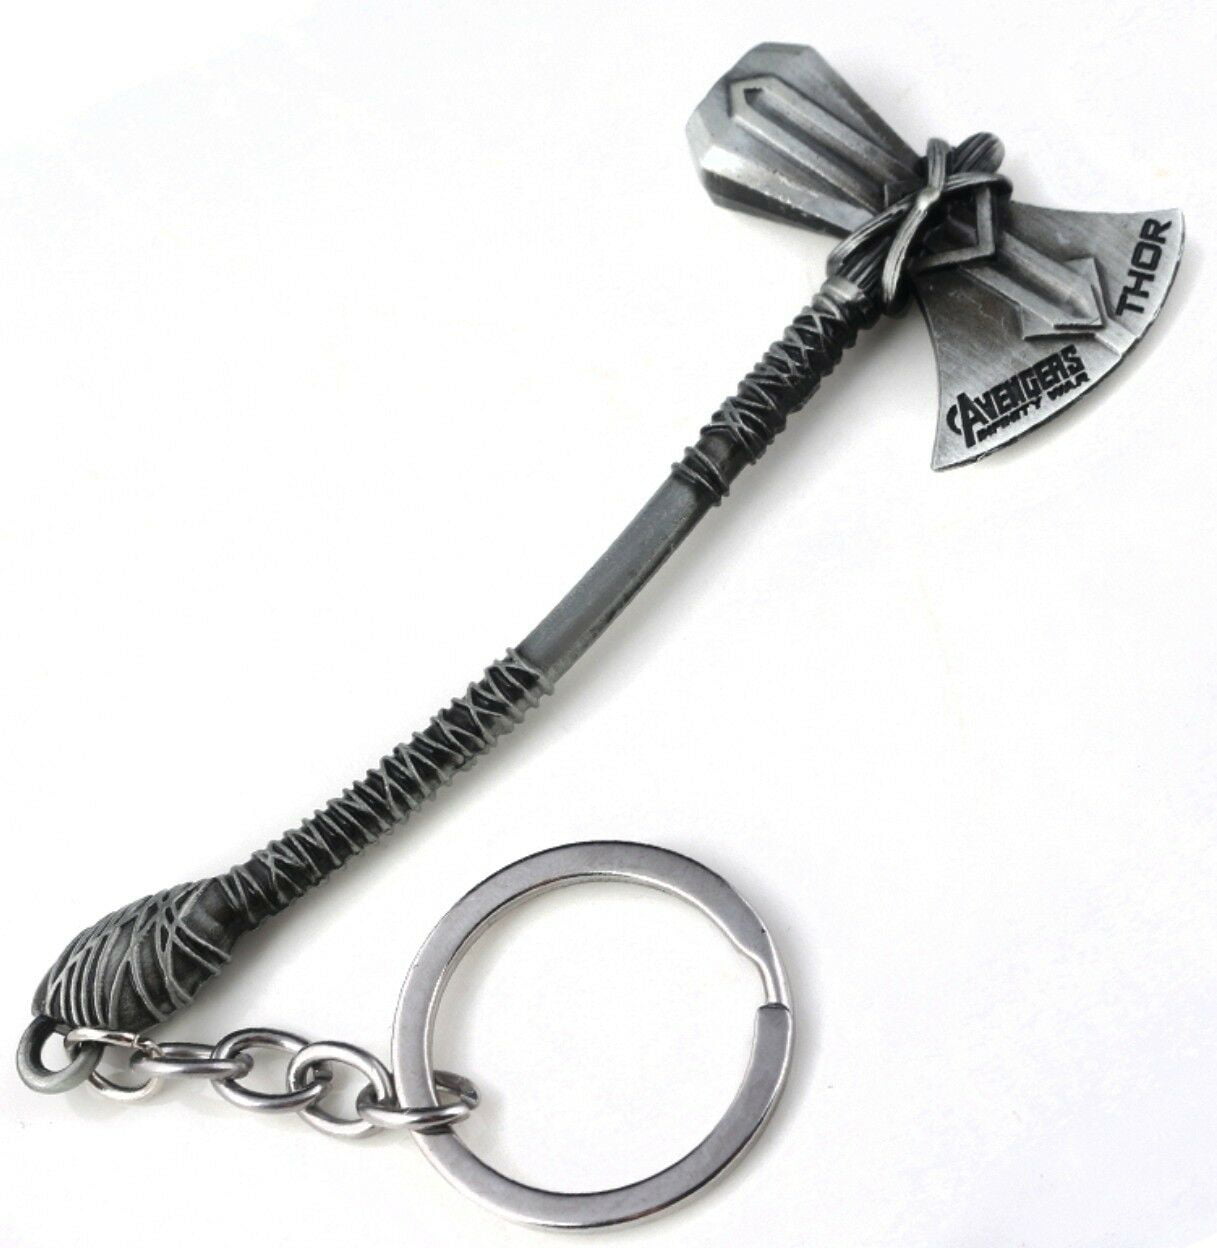 Copper Courage Blessing Axe Bag Pendant Key Chain Keyring 
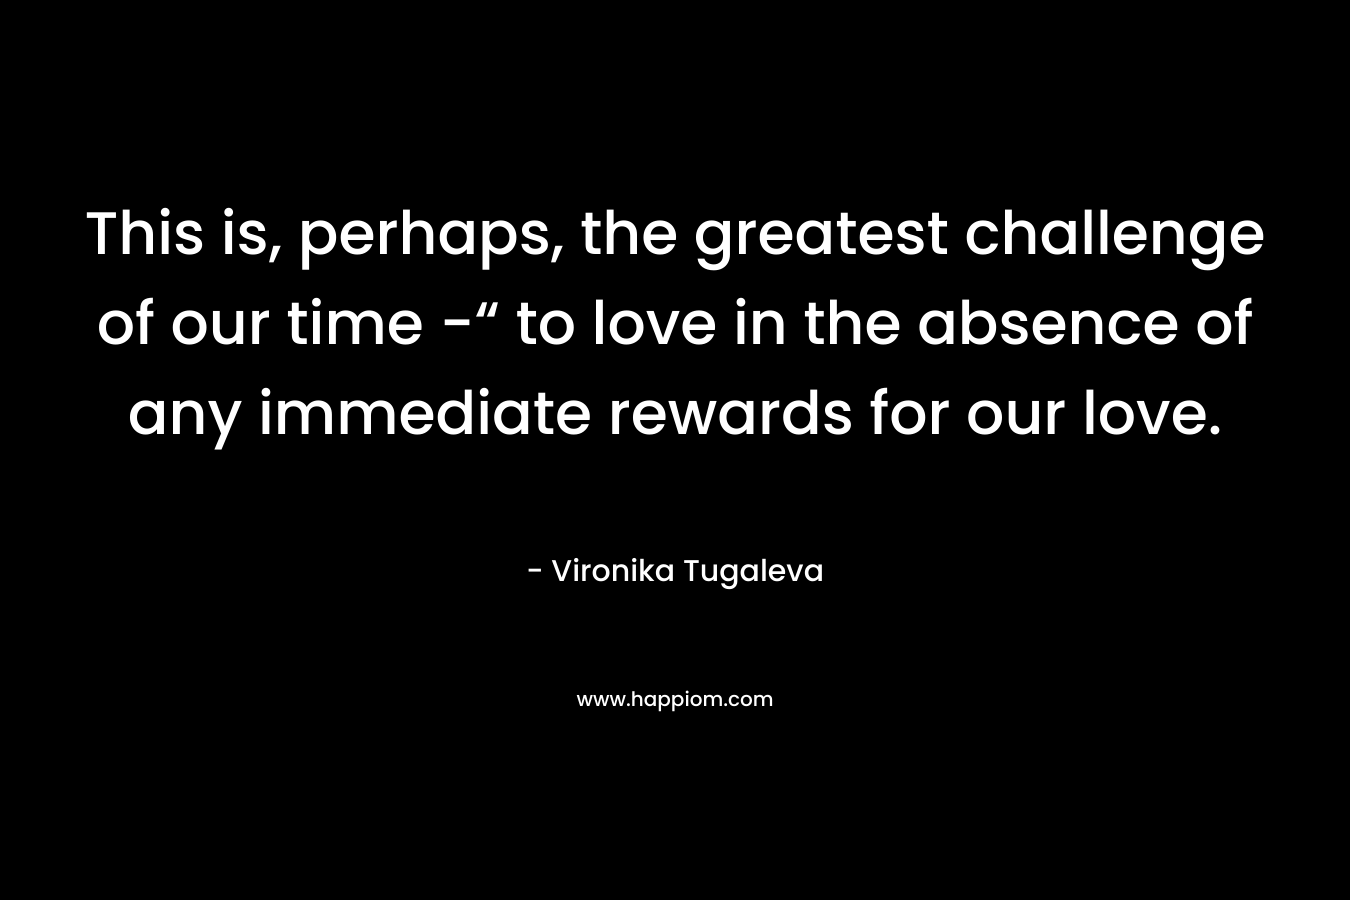 This is, perhaps, the greatest challenge of our time -“ to love in the absence of any immediate rewards for our love.
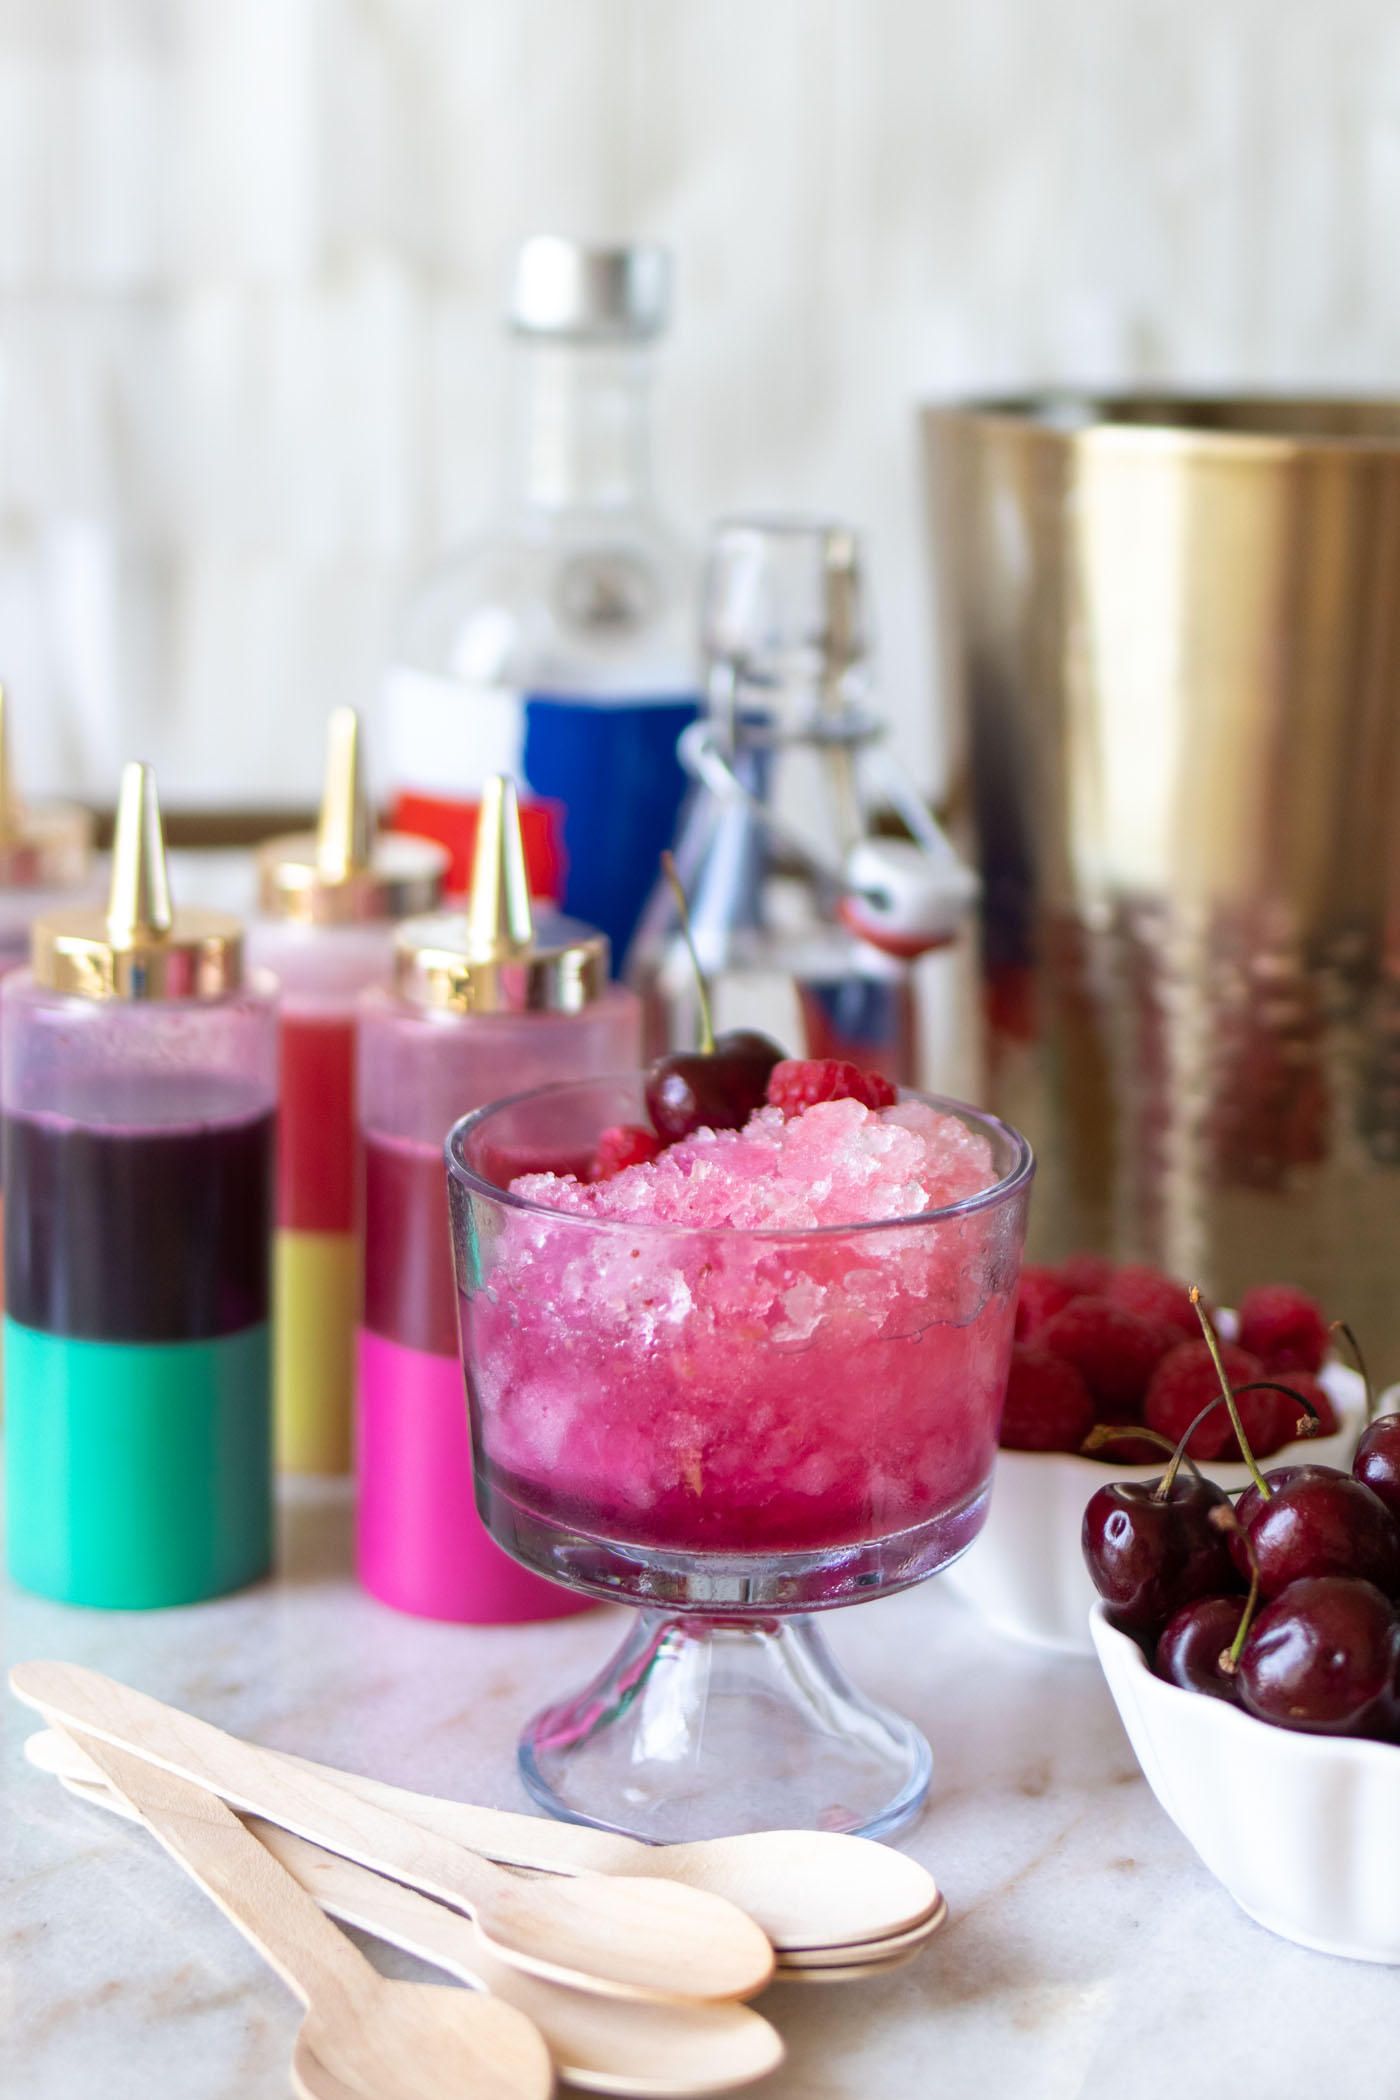 Make Boozy Snow Cones for 4th of July with real fruit snow cone syrups! Use fresh or frozen fruit to make adult snow cones for summer parties // #4thofjuly #snowcones #partyideas #cocktails
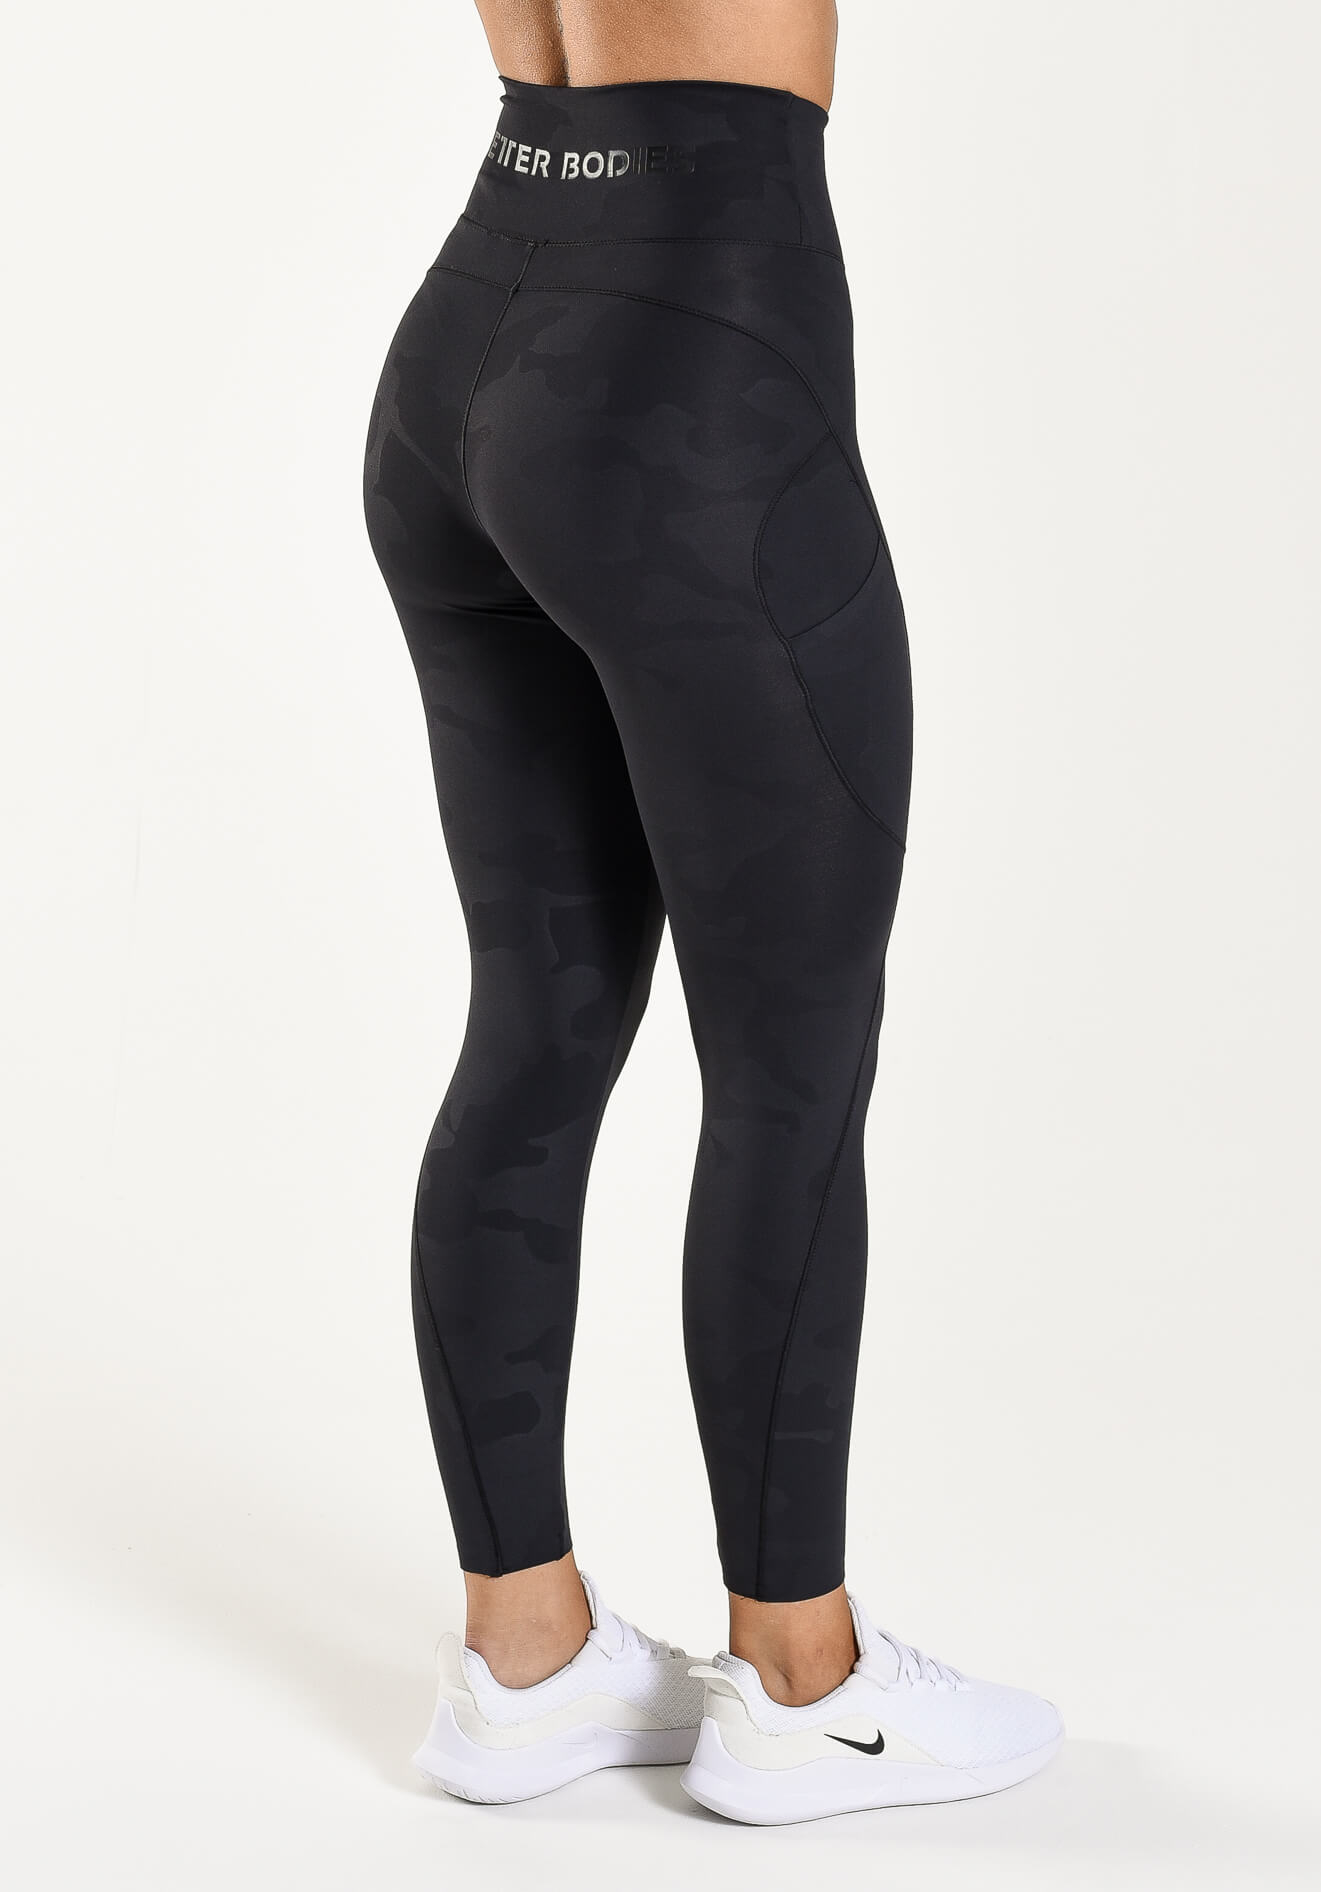 Better Bodies - High Waist Tights - One More Rep

-----

• [WHAT IS REQUIRED] Pictures are to be dropped, and the lines from the line with "This is, perhaps, the" through the end of the material above are to be reproduced exactly.

• [ANSWER SECTION]
 This is, perhaps, the greatest challenge of our time -“ to love in the absence of any immediate rewards for our love.
 Make Boozy Snow Cones for 4th of July with real fruit snow cone syrups! Use fresh or frozen fruit to make adult snow cones for summer parties // #4thofjuly #snowcones #partyideas #cocktails
 Better Bodies - High Waist Tights - One More Rep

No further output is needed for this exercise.